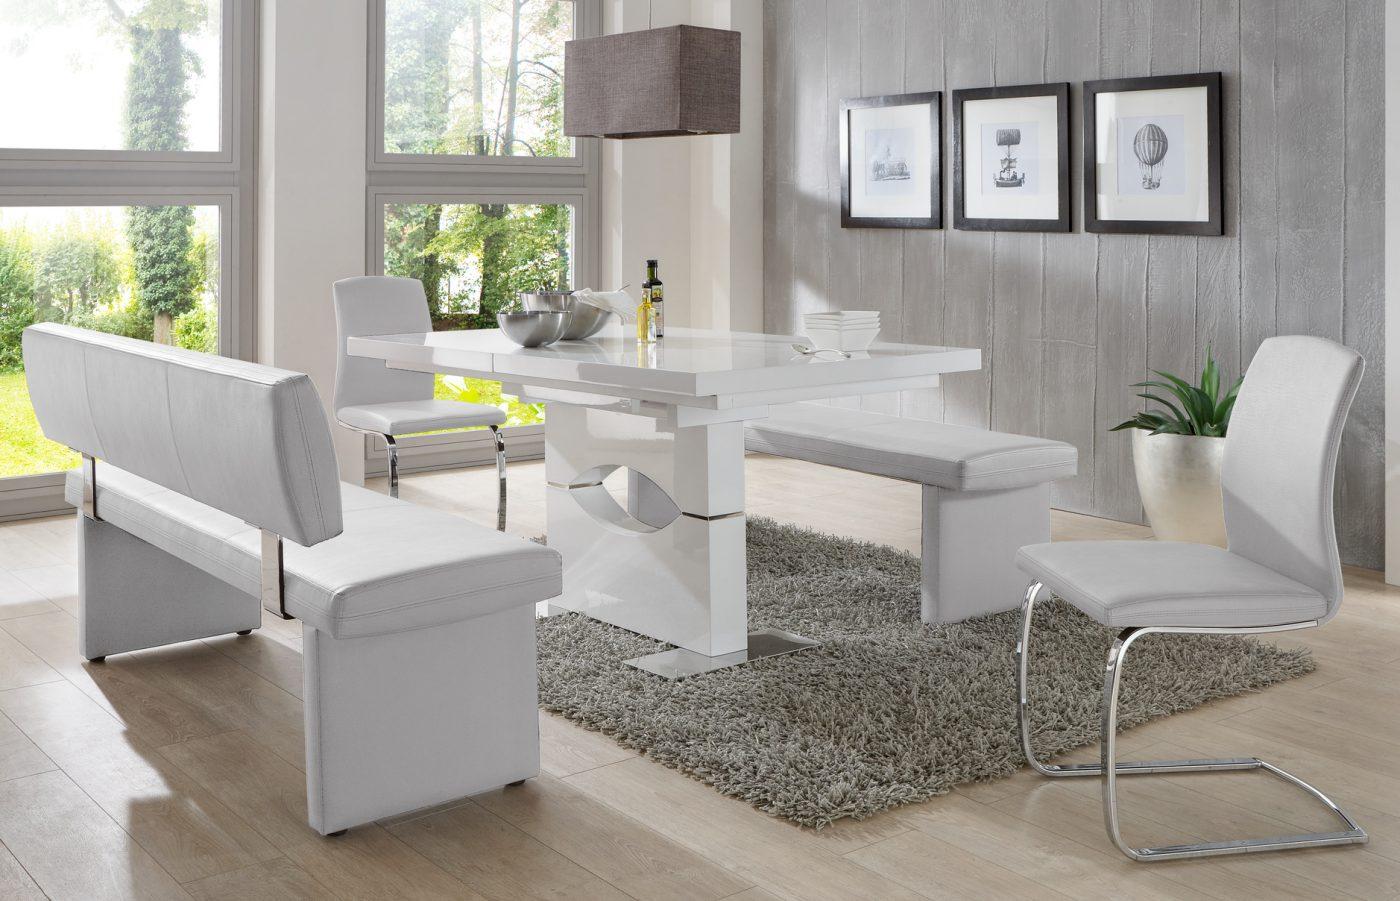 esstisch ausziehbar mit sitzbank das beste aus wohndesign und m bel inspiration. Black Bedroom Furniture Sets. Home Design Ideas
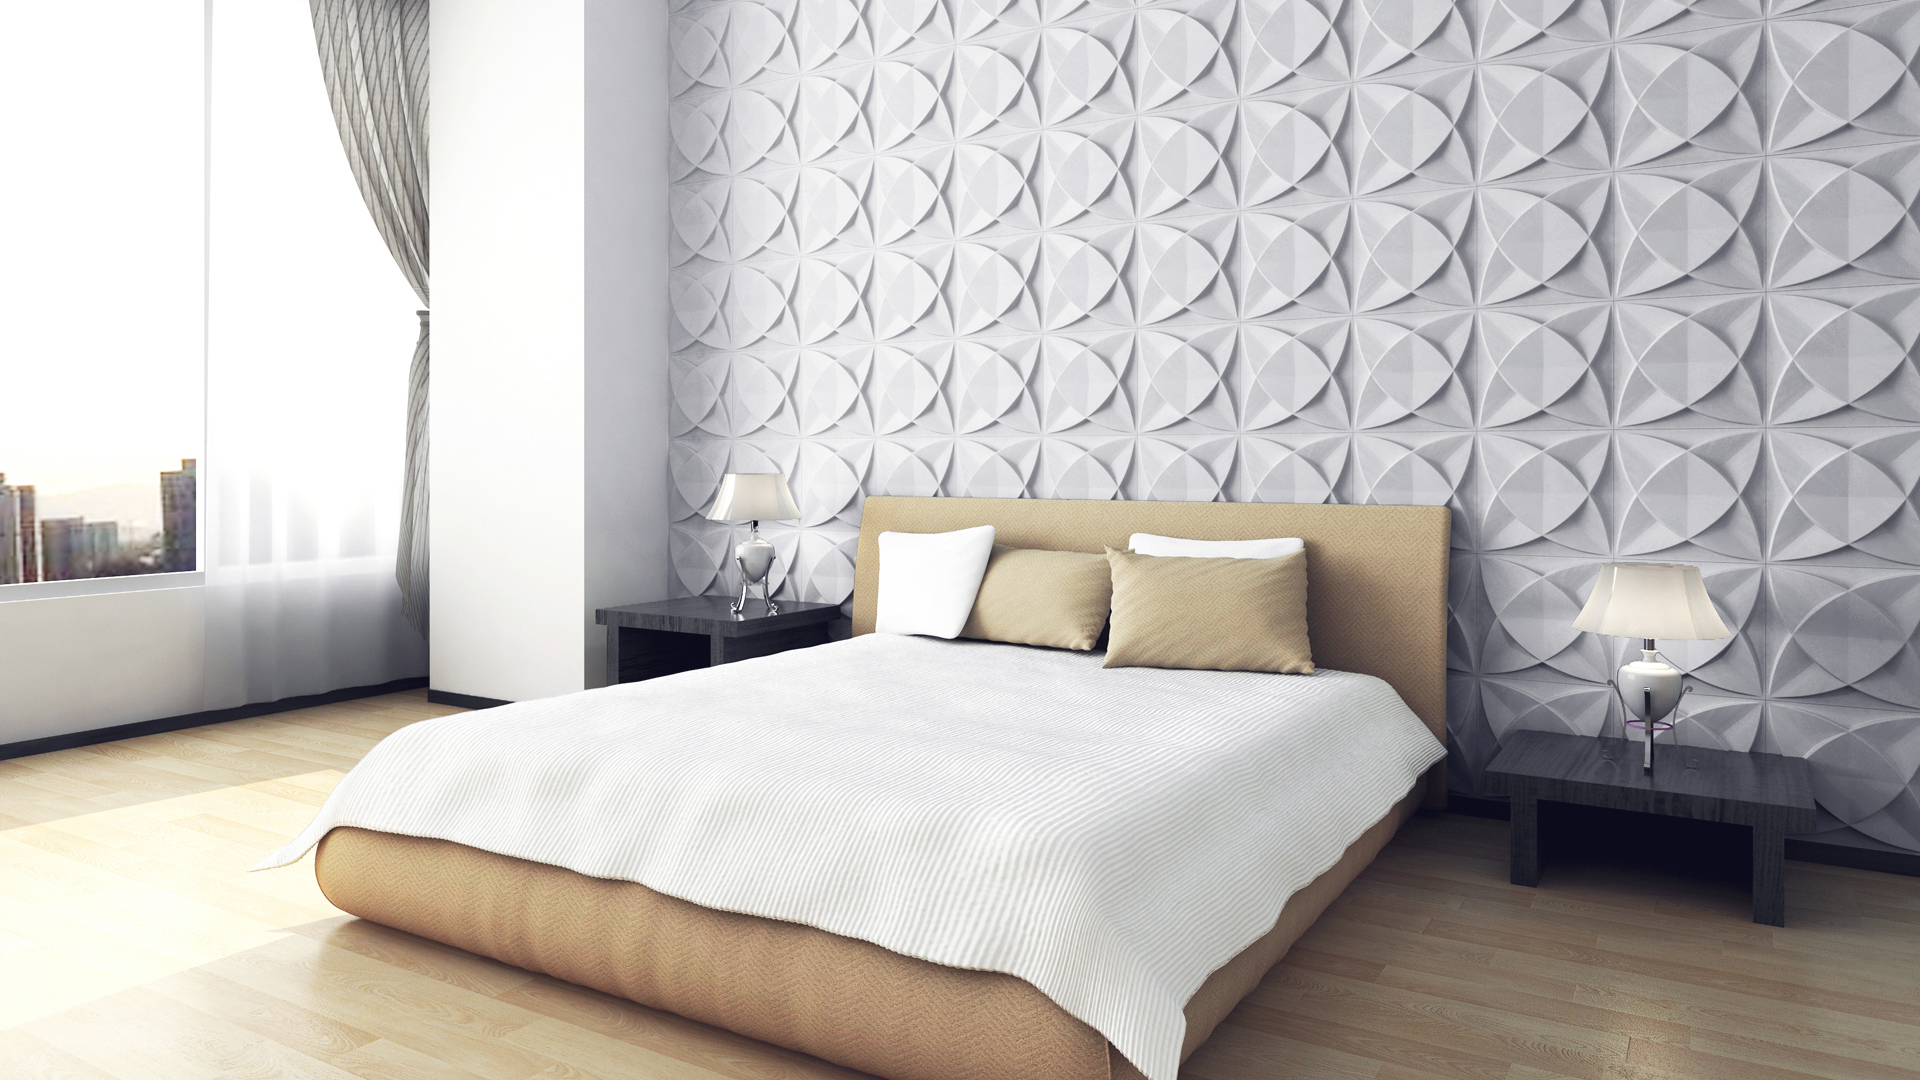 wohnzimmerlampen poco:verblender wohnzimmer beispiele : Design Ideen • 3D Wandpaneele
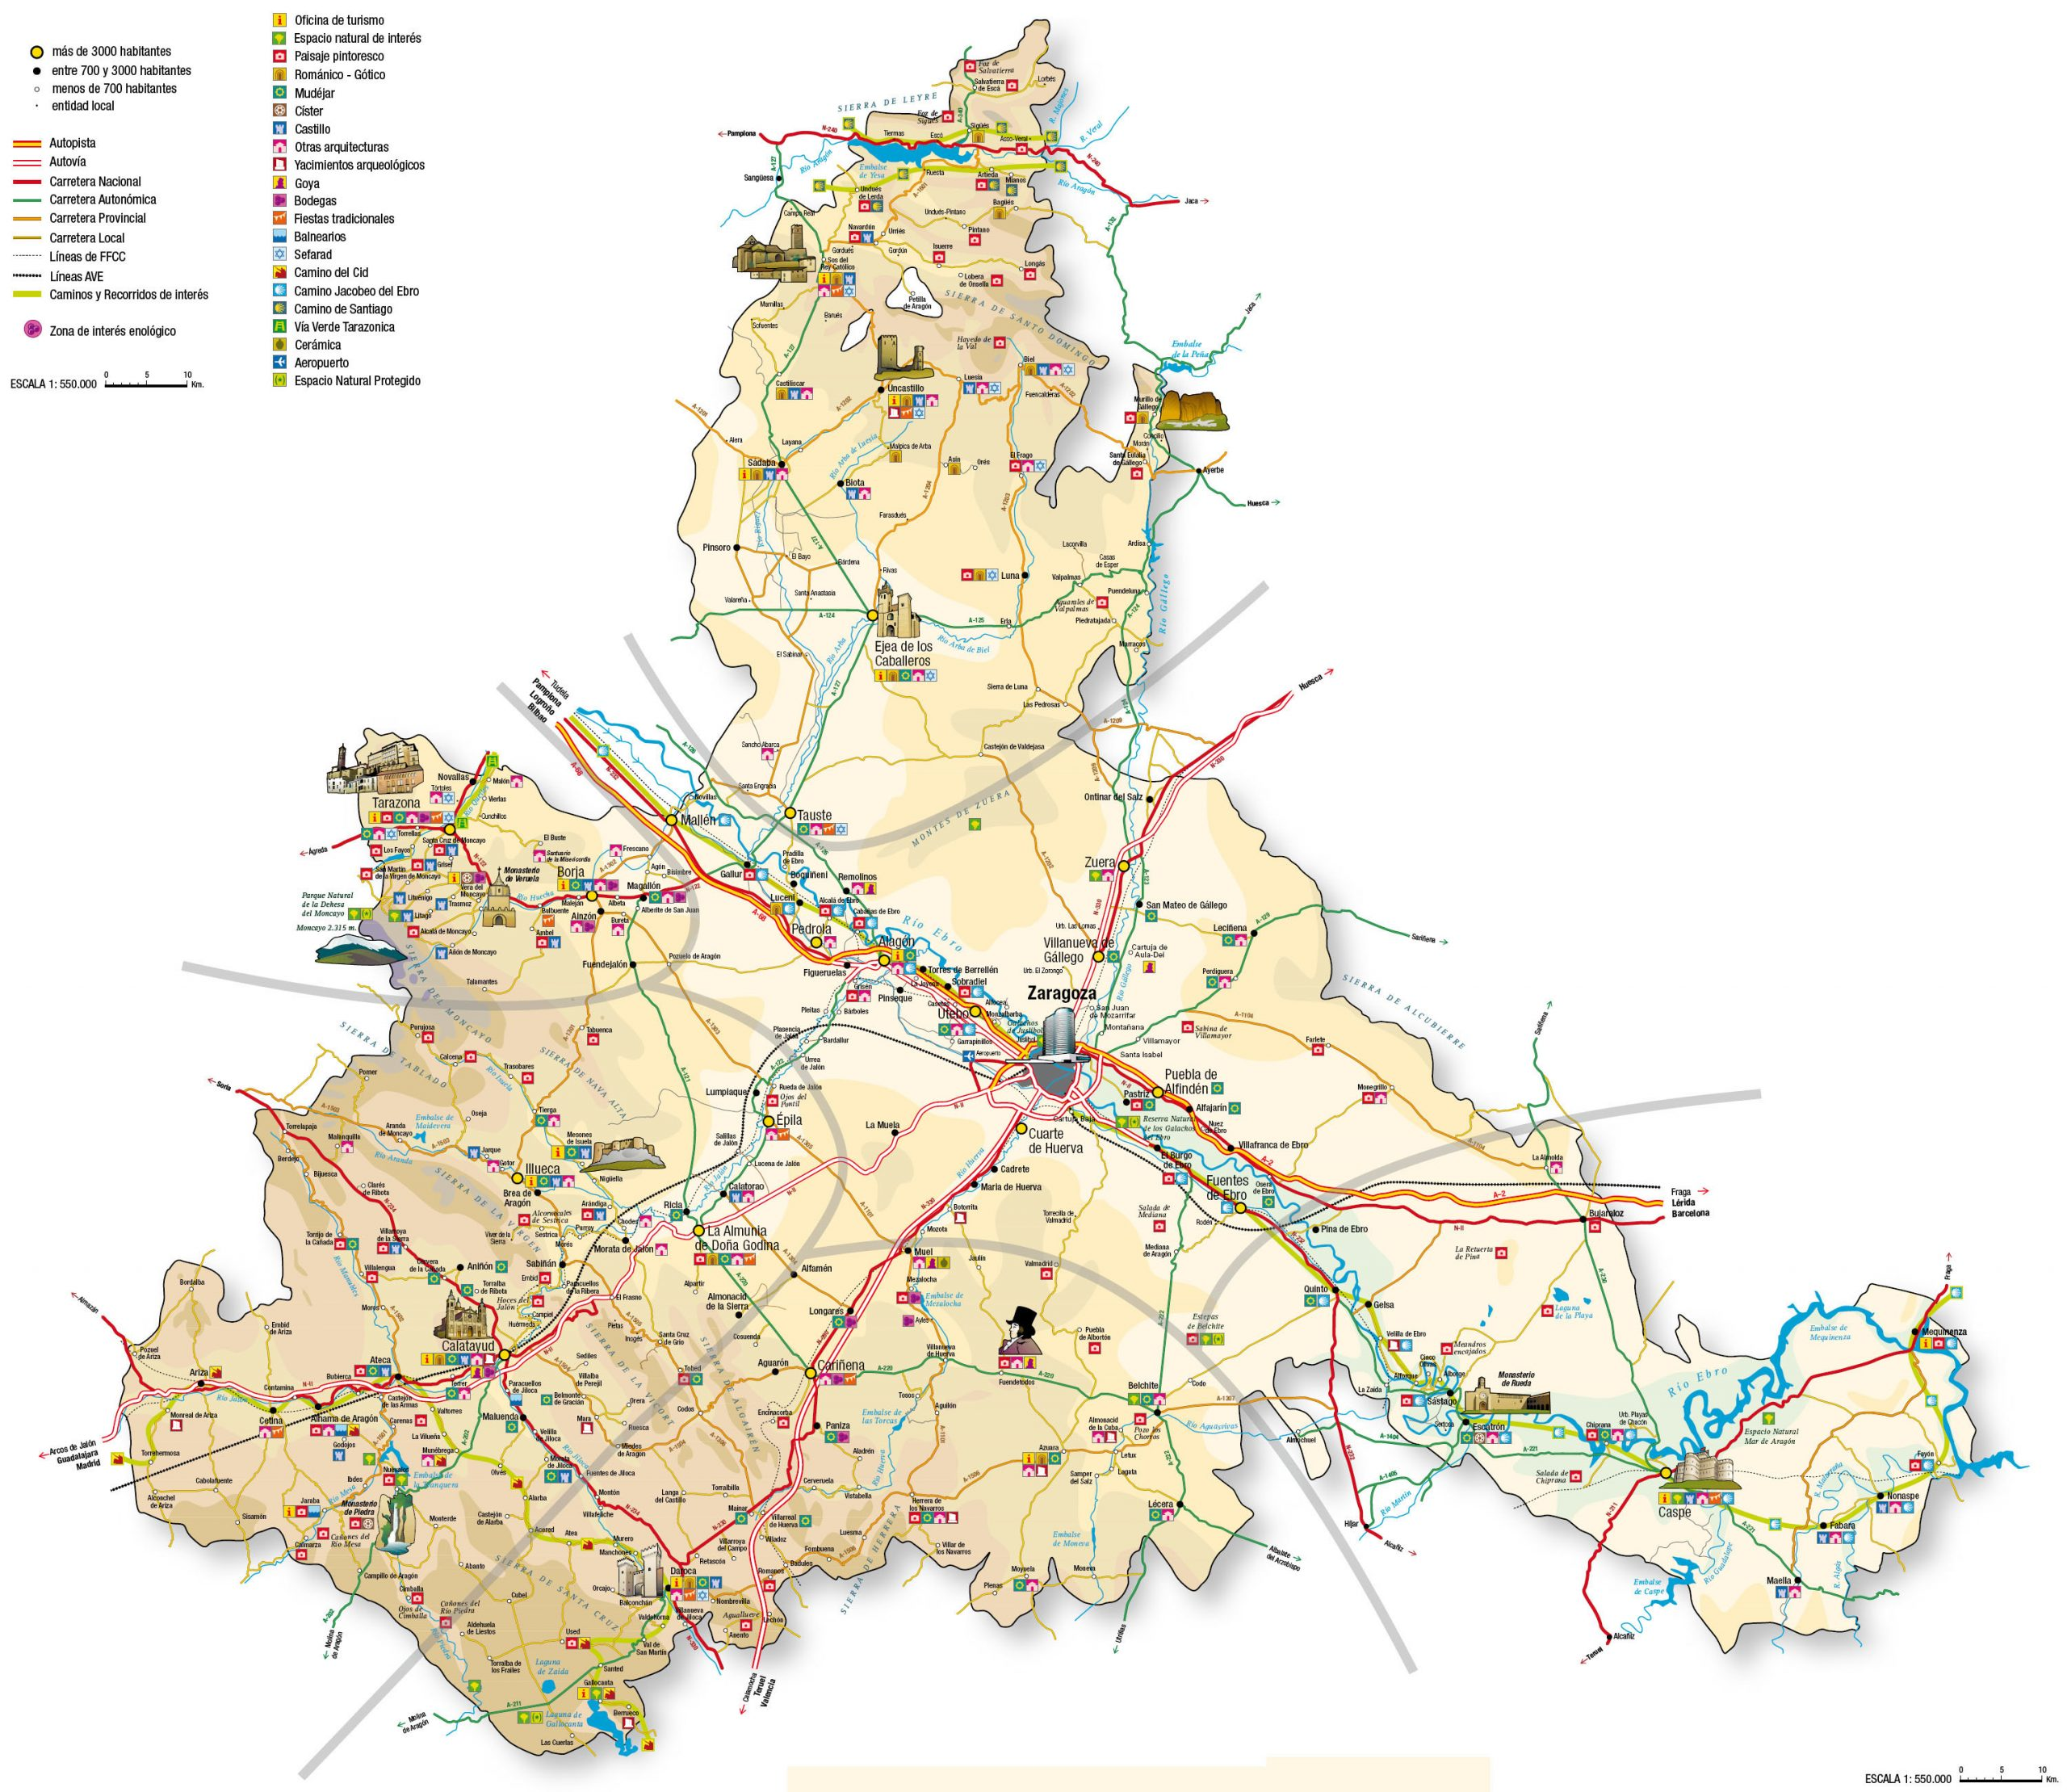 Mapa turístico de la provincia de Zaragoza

□ □ □ □ □ □ □

### Your instructions
With the images omitted, repeat all the data word for word.

### Response to this exercise
 esstisch ausziehbar mit sitzbank das beste aus wohndesign und m bel inspiration. Black Bedroom Furniture Sets. Home Design Ideas
 wohnzimmerlampen poco:verblender wohnzimmer beispiele : Design Ideen • 3D Wandpaneele
 Mapa turístico de la provincia de Zaragoza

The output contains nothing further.